Tomato trade dispute between the US and Mexico

Tomatoes are another recurring subject, used by Muhammad to illustrate how protracted trade disputes in perishable foods play out for growers, importers and consumers. In his coverage of the tomato trade dispute between the US and Mexico, he explains how proposed tariffs and suspension agreements affect cross-border shipments and price stability. He follows the history of the dispute and the scheduled tariff increases, showing how policy decisions made in trade negotiations ripple through planting decisions, investment in greenhouse and field production, and ultimately supermarket prices. The piece reflects his broader approach: starting from a specific commodity fight, then widening the frame to show what the dispute reveals about agricultural trade governance and the leverage different producer groups hold.

Tennessee soybean farmers and better prices

Row crops and farmer economics feature strongly in Muhammad’s recent work, particularly in his writing on soybean producers. In his article on Tennessee soybean farmers getting a morale boost from better prices, he uses local farm experiences to illustrate how global demand shifts and tariff policies shape income prospects and risk. He situates improved prices within a volatile backdrop of trade disputes and retaliatory measures affecting US row crop exports, tying individual producer sentiment to the structural pressures documented in broader analyses of tariff policy impacts on agricultural commodities. The coverage balances on-the-ground perspectives with export and price data, giving readers both a sense of farmer optimism and a clear view of how quickly conditions can change when trade rules or foreign demand move.

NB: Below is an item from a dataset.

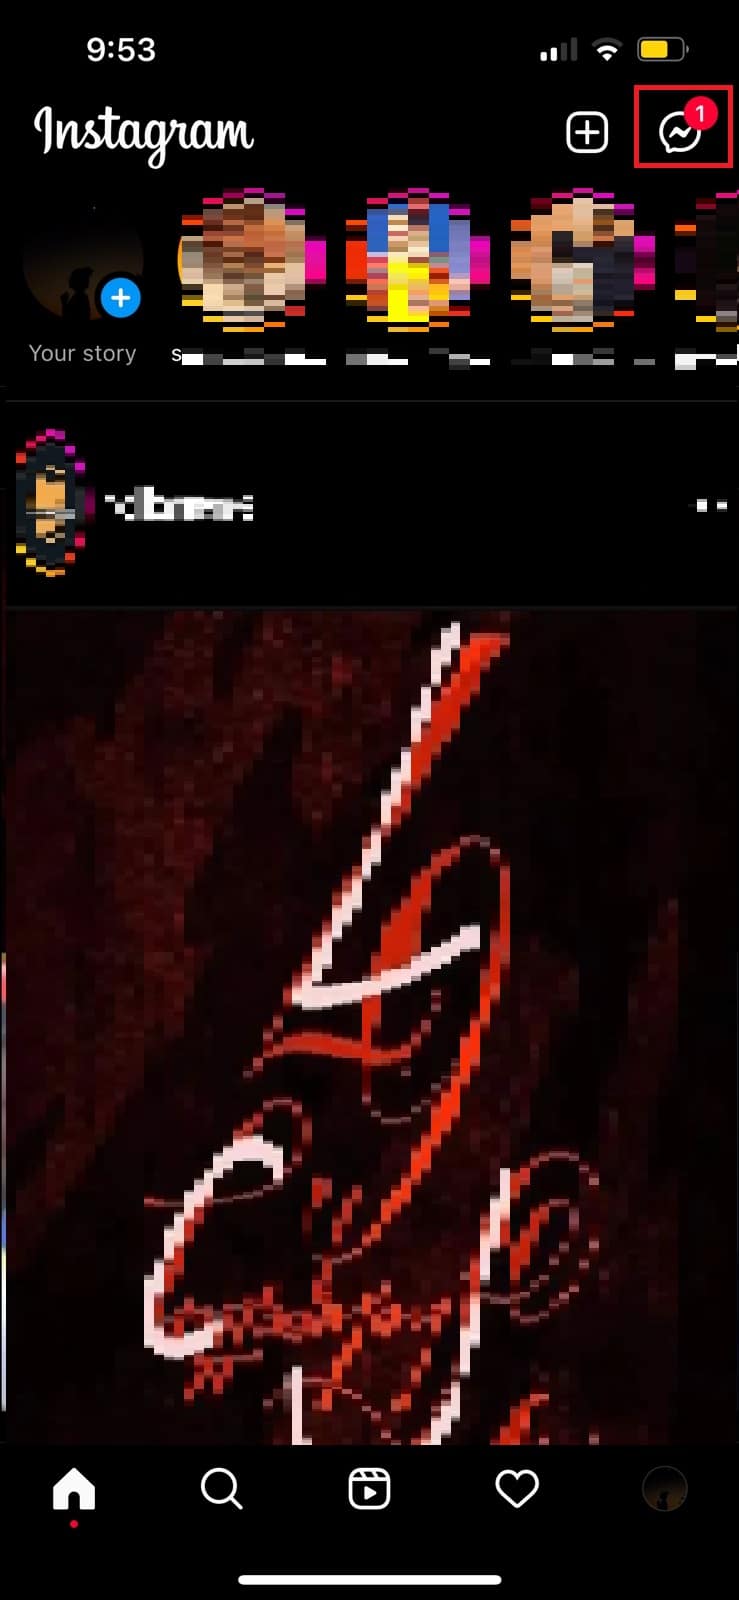 Tocca il simbolo della freccia nell'angolo in alto a destra di Instagram.

US agricultural export trends and China’s impact

Muhammad also writes directly about US agricultural export trends, focusing on China’s role in the overall trade balance. In his work on China’s impact on the US trade deficit, he explains how shifts in Chinese import demand alter export opportunities for US agricultural sectors and change the composition of the trade deficit. He brings in trade statistics and historical patterns to show how commodity-specific changes, such as altered buying patterns in grains or meat, aggregate into national-level trade outcomes. This export focus aligns with his wider research on international trade and global food demand, where he models import demand elasticities across major agricultural, food and forest sectors to understand price and quantity responses to policy or market shocks. His writing for The Conversation distills these technical themes into accessible narratives about why certain crops and products see sudden export booms or contractions and what that means for long-term planning in agriculture.

Food, drink and trade policy beyond a single commodity

Beyond staple foods, Muhammad has examined how trade policy reshapes markets for products like whiskey, using high-profile disputes to illustrate the reach of tariffs and trade wars into everyday goods. In his work on whiskey, Brexit and the trade war, he shows how changes in trade relations between the US, the UK and the European Union affect distillers, exporters and consumers, extending his agricultural trade lens into the broader food and drink economy. His public profiles describe him as a professor of agricultural economics and Blasingame Chair of Excellence in agricultural policy at the University of Tennessee, with a specialization in international trade and global food demand. He has written dozens of journal articles and reports on agricultural trade and policy and serves in editorial roles for food distribution research, which informs the depth of data and economic reasoning in his journalism. He also appears as a podcast guest to discuss climate, environment and food, bringing trade perspectives into wider conversations about sustainability and food systems. Across outlets, the through-line is a consistent focus on how trade rules, tariffs and global demand patterns shape commodity markets, farm incomes and consumer prices in the food and drink sectors.